The backbone is simply a Convolutional Neural Network with only convolutional-layers (no fully-connected layers).

Till now we have never seen any CNN with only convolutional layers, so how do we get one now?  
Well, we have seen so many CNNs such as Resnet or VGG or Lenet. Take a minute to think what happens if we cut-down their fully connected layers?  
We will get only the convolutional layers, right? 
Therefore, now we have a backbone.

Let's see how this happens in code.


In [3]:
# Let's use a simple model called the `AlexNet` instead of VGG or Resnet or FPN.
# torchvision lib already has built this model, it even has the pretrained-weights too.

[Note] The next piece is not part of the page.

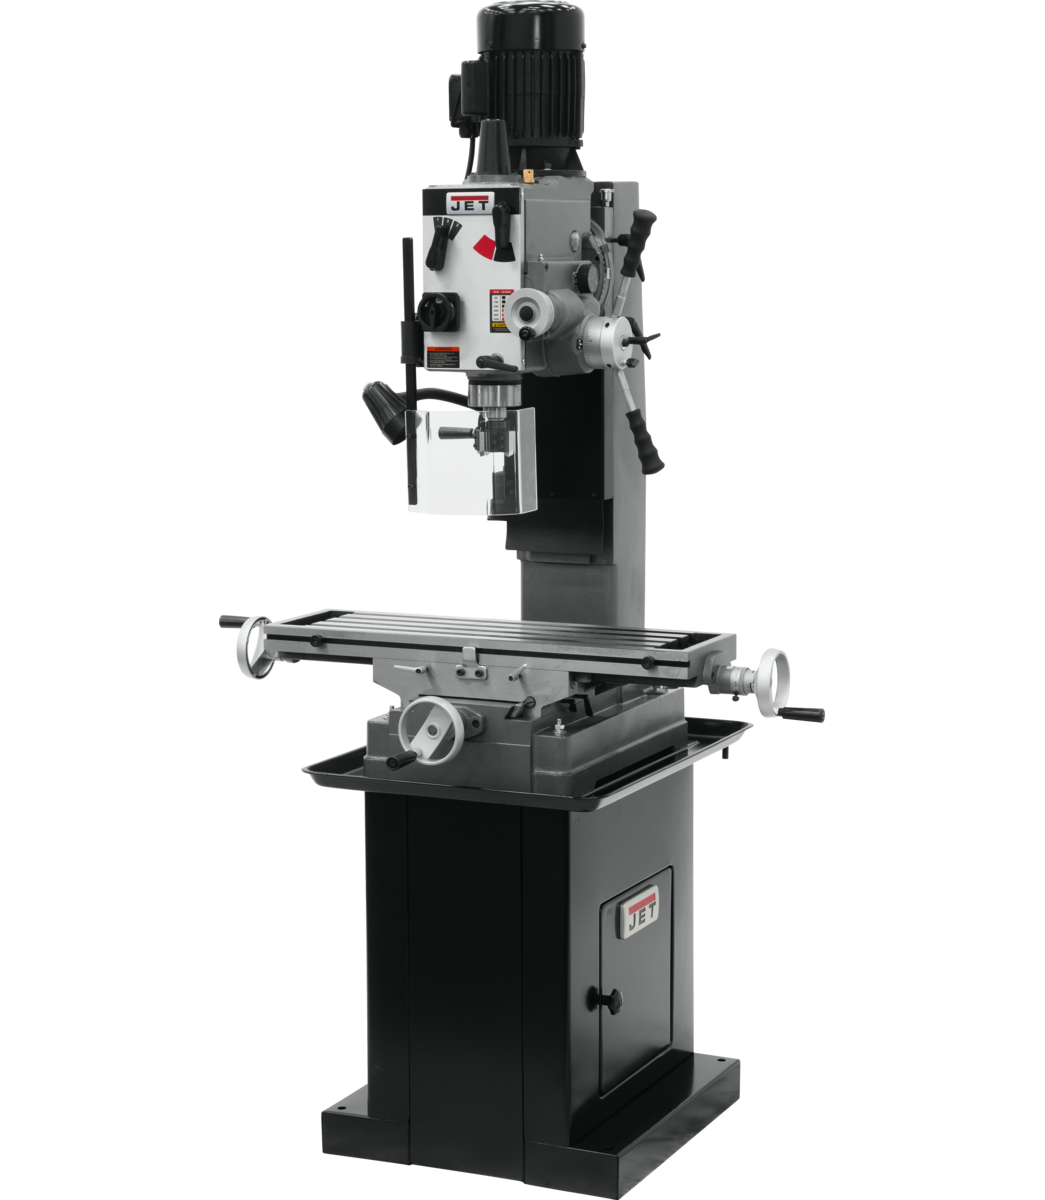 351153, JMD-45GHPF, Geared Head Square Column Mill Drill with Power Downfeed with DP700 2-Axis DRO & X-Axis Powerfeed

alexnet = models.alexnet(pretrained=False)
print(alexnet)

# As we see below, the model is broken down into `features`, `avgpool` and `classifier`.
# We shall notice that the `features` is full of Conv-layers and we are interested in only this module.
# So let's go ahead and just keep this `features` module and store it inside `backbone`.

backbone = alexnet.features

AlexNet(
  (features): Sequential(
    (0): Conv2d(3, 64, kernel_size=(11, 11), stride=(4, 4), padding=(2, 2))
    (1): ReLU(inplace=True)
    (2): MaxPool2d(kernel_size=3, stride=2, padding=0, dilation=1, ceil_mode=False)
    (3): Conv2d(64, 192, kernel_size=(5, 5), stride=(1, 1), padding=(2, 2))
    (4): ReLU(inplace=True)
    (5): MaxPool2d(kernel_size=3, stride=2, padding=0, dilation=1, ceil_mode=False)
    (6): Conv2d(192, 384, kernel_size=(3, 3), stride=(1, 1), padding=(1, 1))
    (7): ReLU(inplace=True)
    (8): Conv2d(384, 256, kernel_size=(3, 3), stride=(1, 1), padding=(1, 1))
    (9): ReLU(inplace=True)
    (10): Conv2d(256, 256, kernel_size=(3, 3), stride=(1, 1), padding=(1, 1))
    (11): ReLU(inplace=True)
    (12): MaxPool2d(kernel_size=3, stride=2, padding=0, dilation=1, ceil_mode=False)
  )
  (avgpool): AdaptiveAvgPool2d(output_size=(6, 6))
  (classifier): Sequential(
    (0): Dropout(p=0.5, inplace=False)
    (1): Linear(in_features=9216, out_features=4096, bias=True)
 

In [4]:
# Now if we print the backbone, it will just consist of the `features`.

# print(backbone) 

# We also need to note the output-channels that the `features` will return.  
# We can get the final channels from the 10th line from the Alexnet features - 
# `(10): Conv2d(256, 256, kernel_size=(3, 3), stride=(1, 1), padding=(1, 1))` which is `256`.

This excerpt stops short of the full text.